Segment Start: MATERIALS PROVIDED
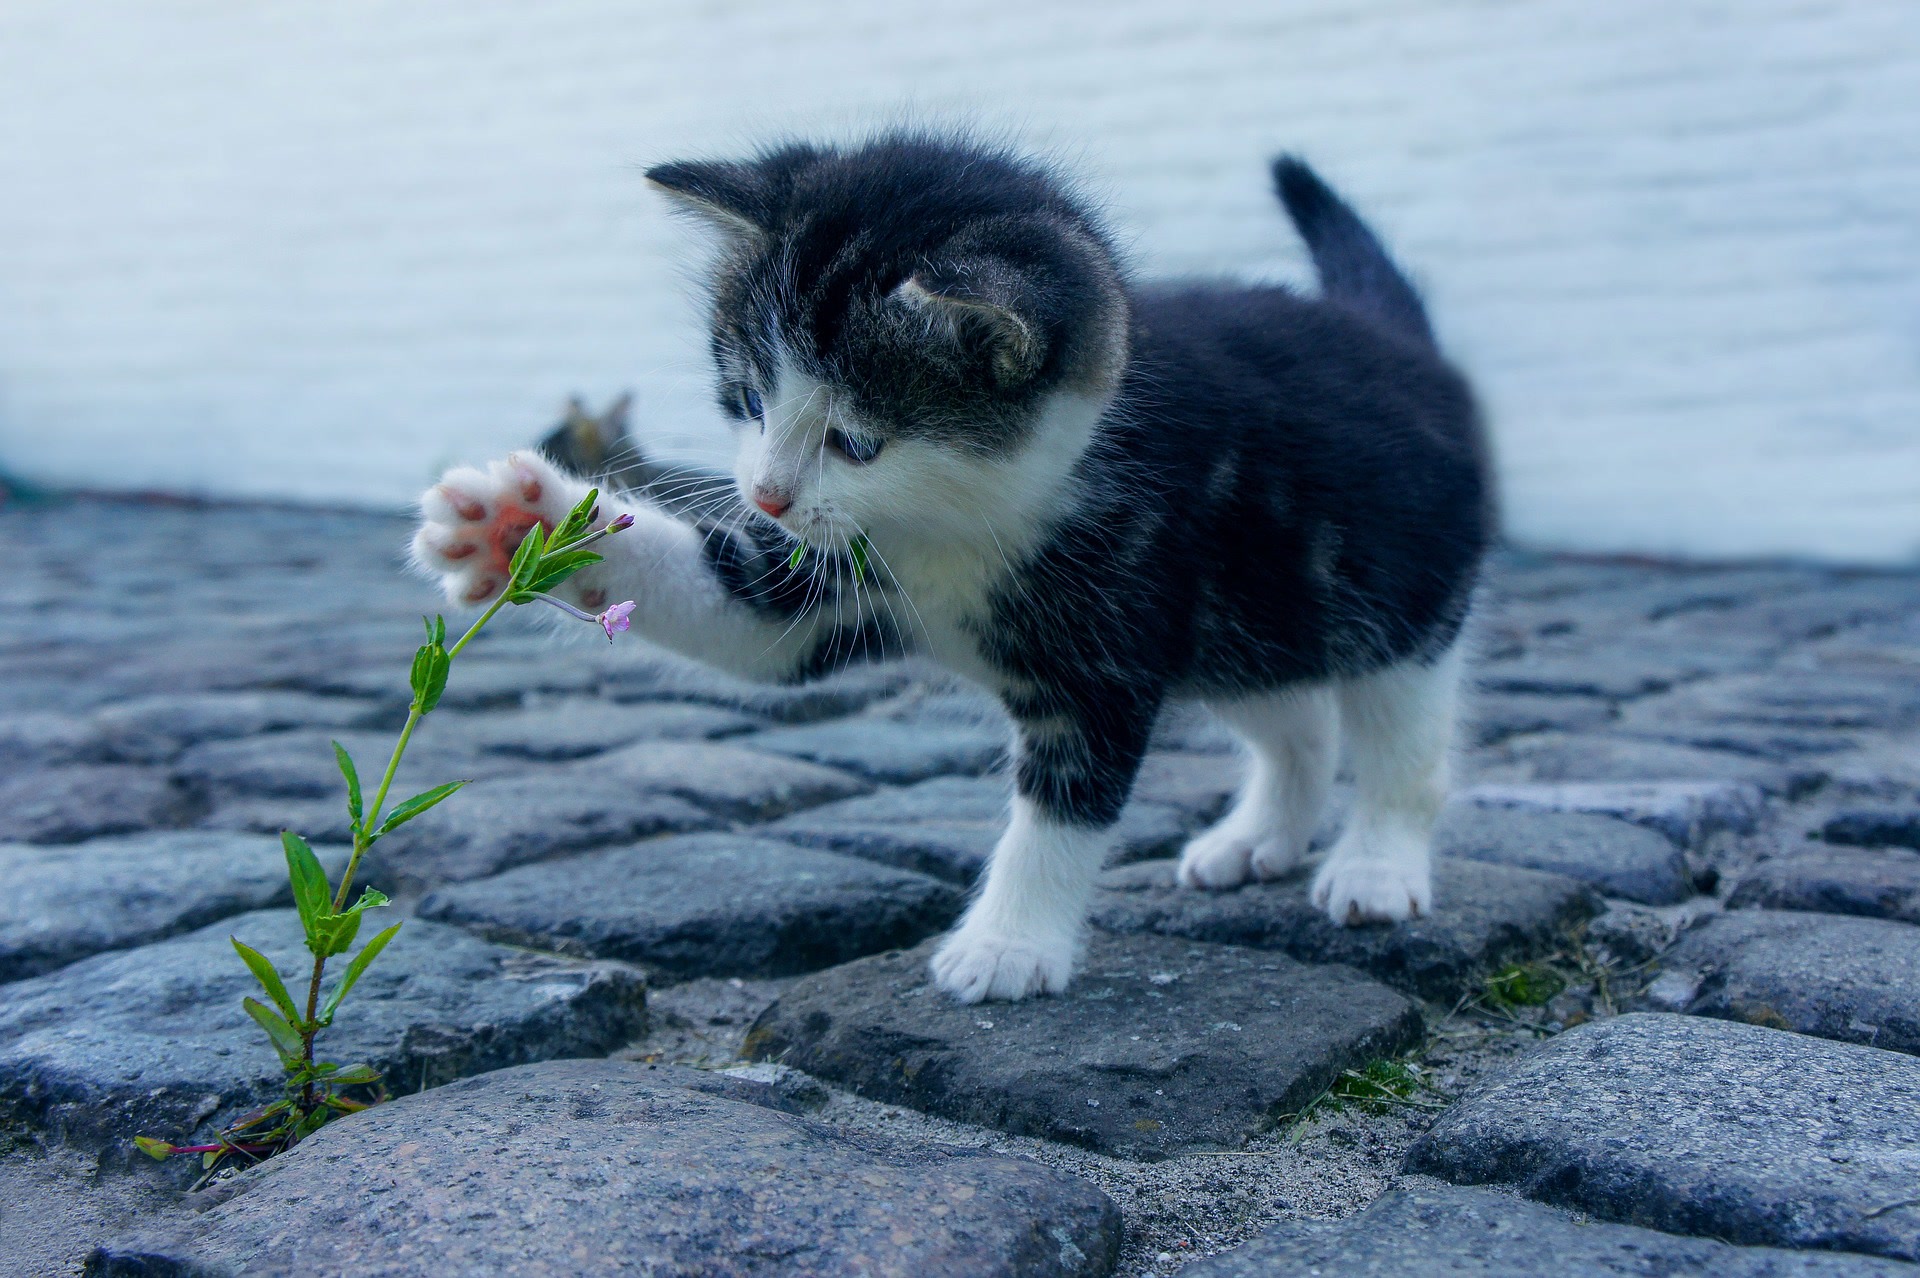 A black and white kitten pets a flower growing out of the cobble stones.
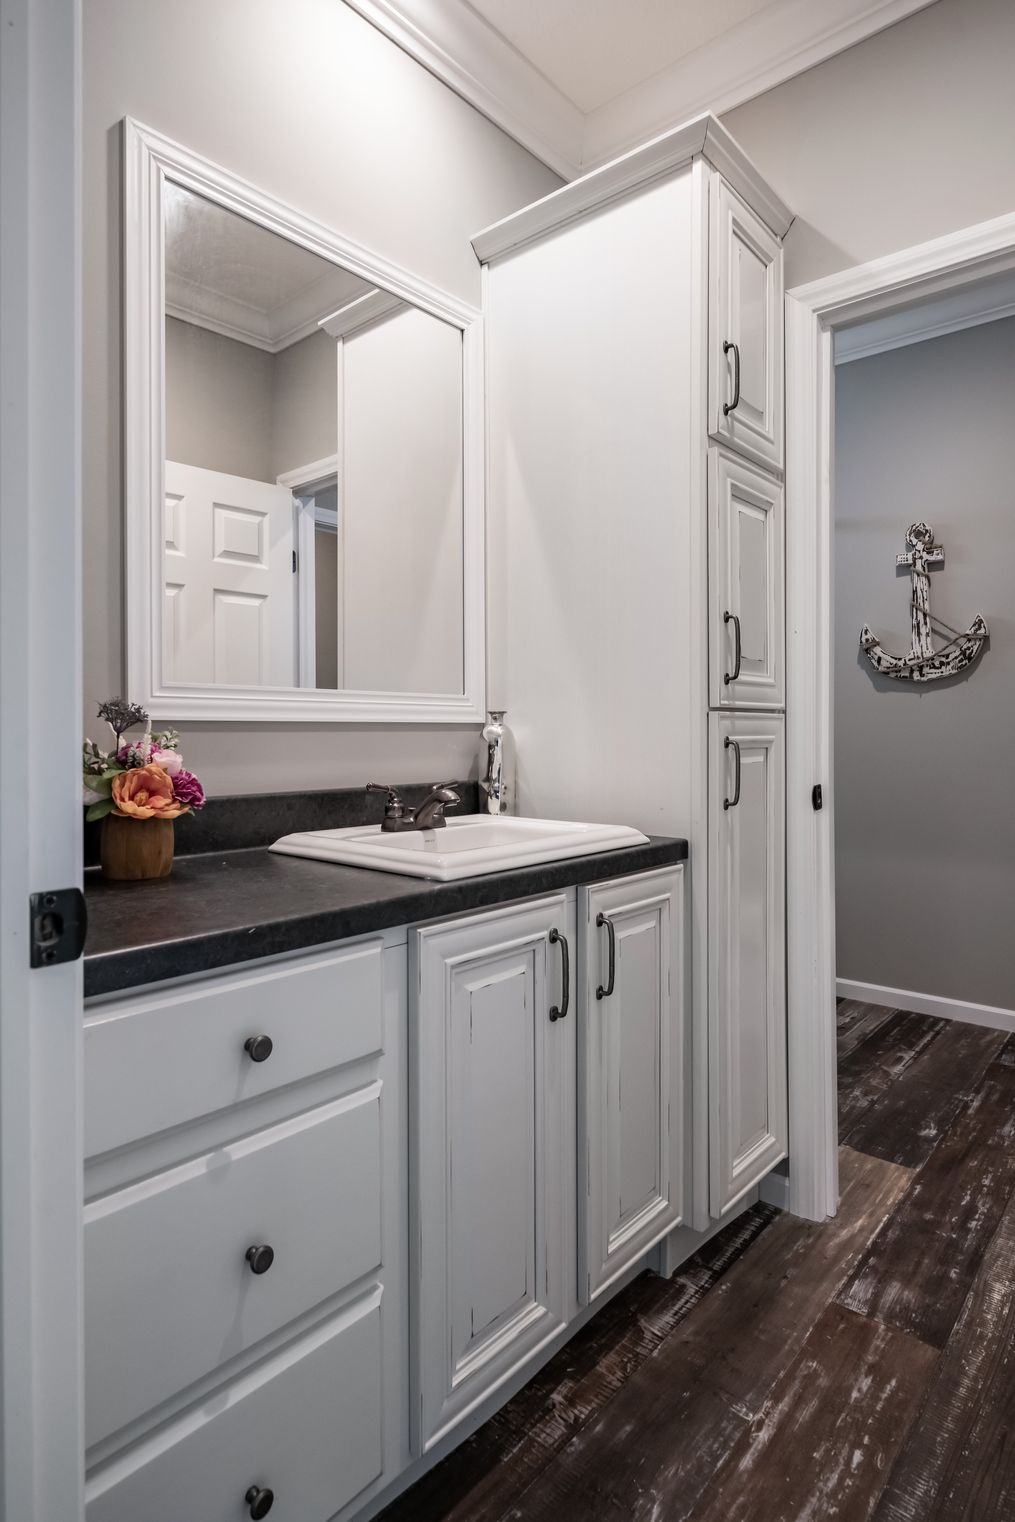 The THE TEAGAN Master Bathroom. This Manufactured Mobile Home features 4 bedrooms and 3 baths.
Segment End: MATERIALS PROVIDED
Segment Start: MATERIALS PROVIDED
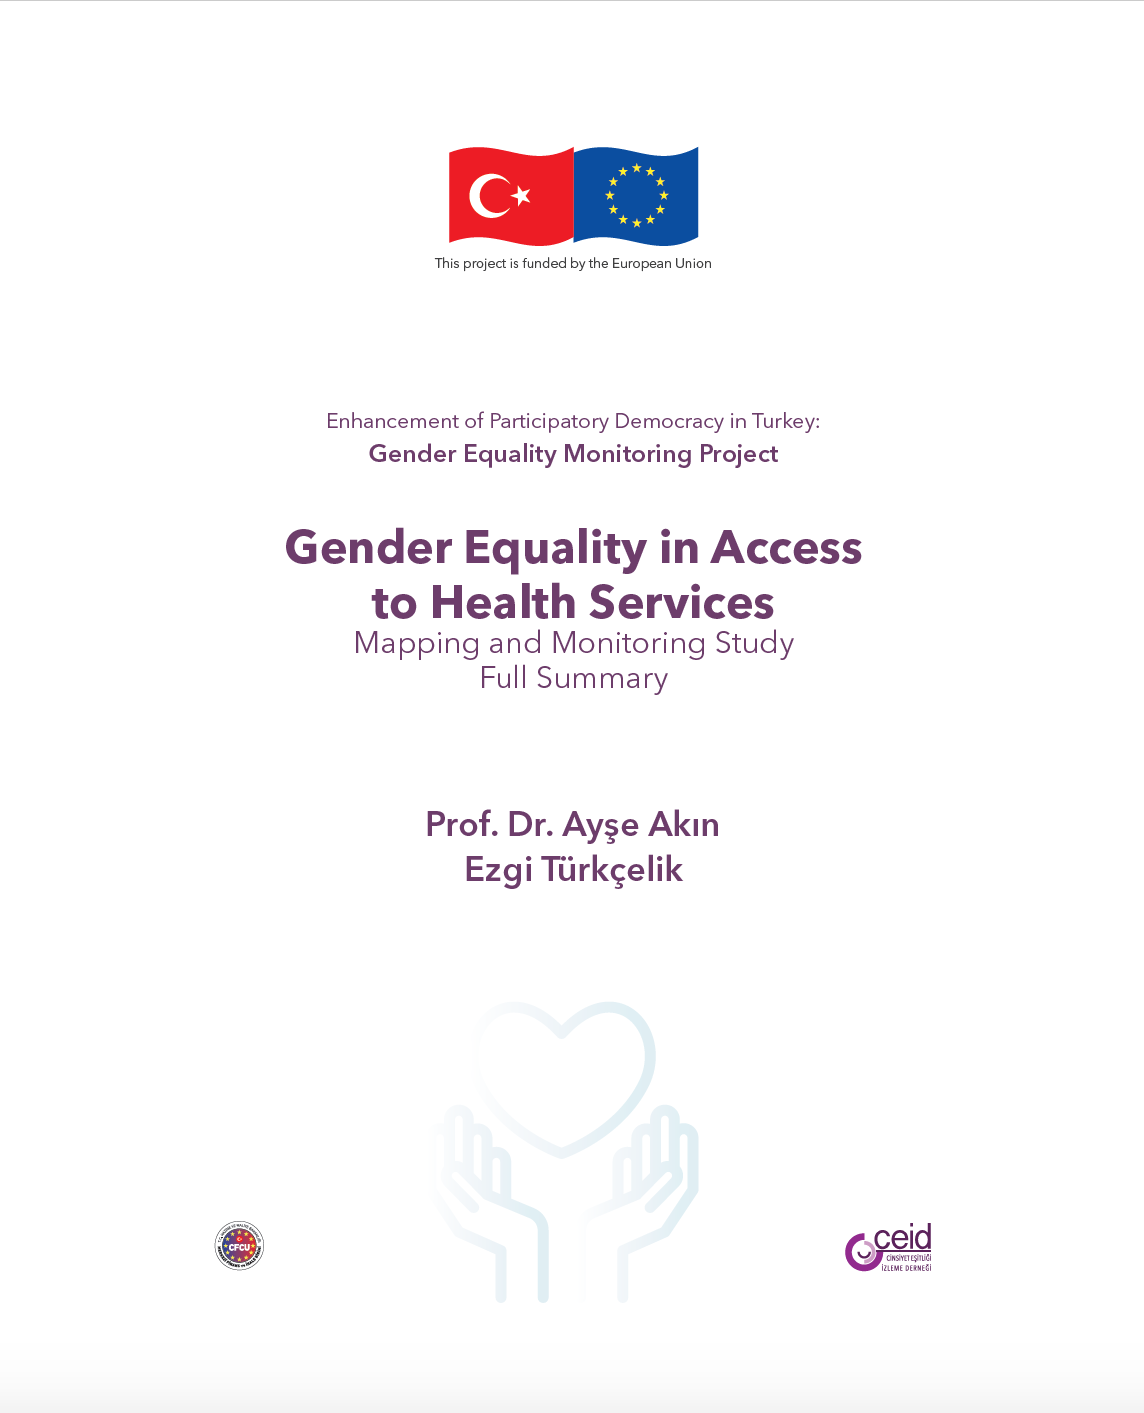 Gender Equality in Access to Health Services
Segment End: MATERIALS PROVIDED
**ASSIGNED TASK**
Everything above from the line containing "A black and" through the line containing "The THE TEAGAN" must be repeated exactly, and the pictures must be left out.

**ANSWER BOX**
 A black and white kitten pets a flower growing out of the cobble stones.
 The THE TEAGAN Master Bathroom. This Manufactured Mobile Home features 4 bedrooms and 3 baths.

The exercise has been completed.